- [Excerpted records]
━━━━━━━━

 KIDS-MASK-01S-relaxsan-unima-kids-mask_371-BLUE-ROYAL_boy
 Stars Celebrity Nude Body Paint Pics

━━━━━━━━

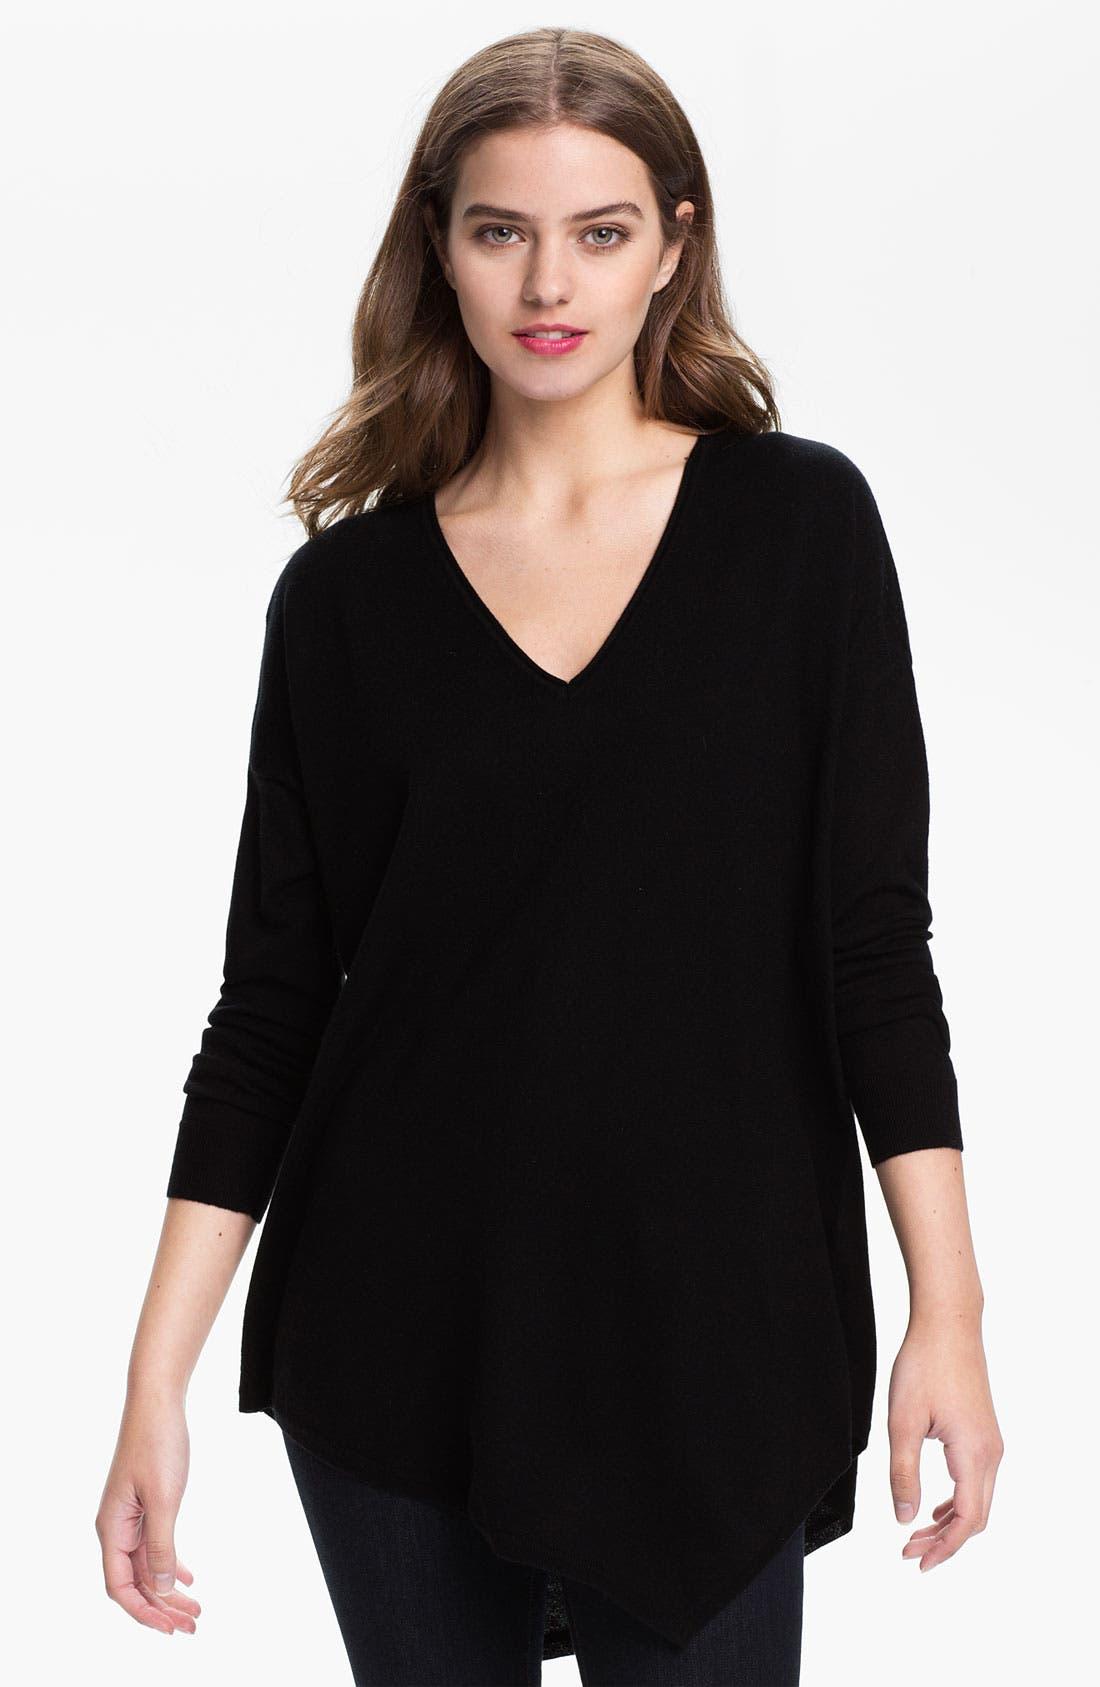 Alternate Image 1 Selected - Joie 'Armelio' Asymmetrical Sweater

━━━━━━━━

- [Task goal] Above are records; repeat only the lines starting at the line with "KIDS-MASK-01S-relaxsan-unima-kids-mask_371-BLUE-ROYAL_boy" and ending at the line with "Stars Celebrity Nude Body Paint Pics", exactly as they appear, both included.

- [Answer section]
 KIDS-MASK-01S-relaxsan-unima-kids-mask_371-BLUE-ROYAL_boy
 Stars Celebrity Nude Body Paint Pics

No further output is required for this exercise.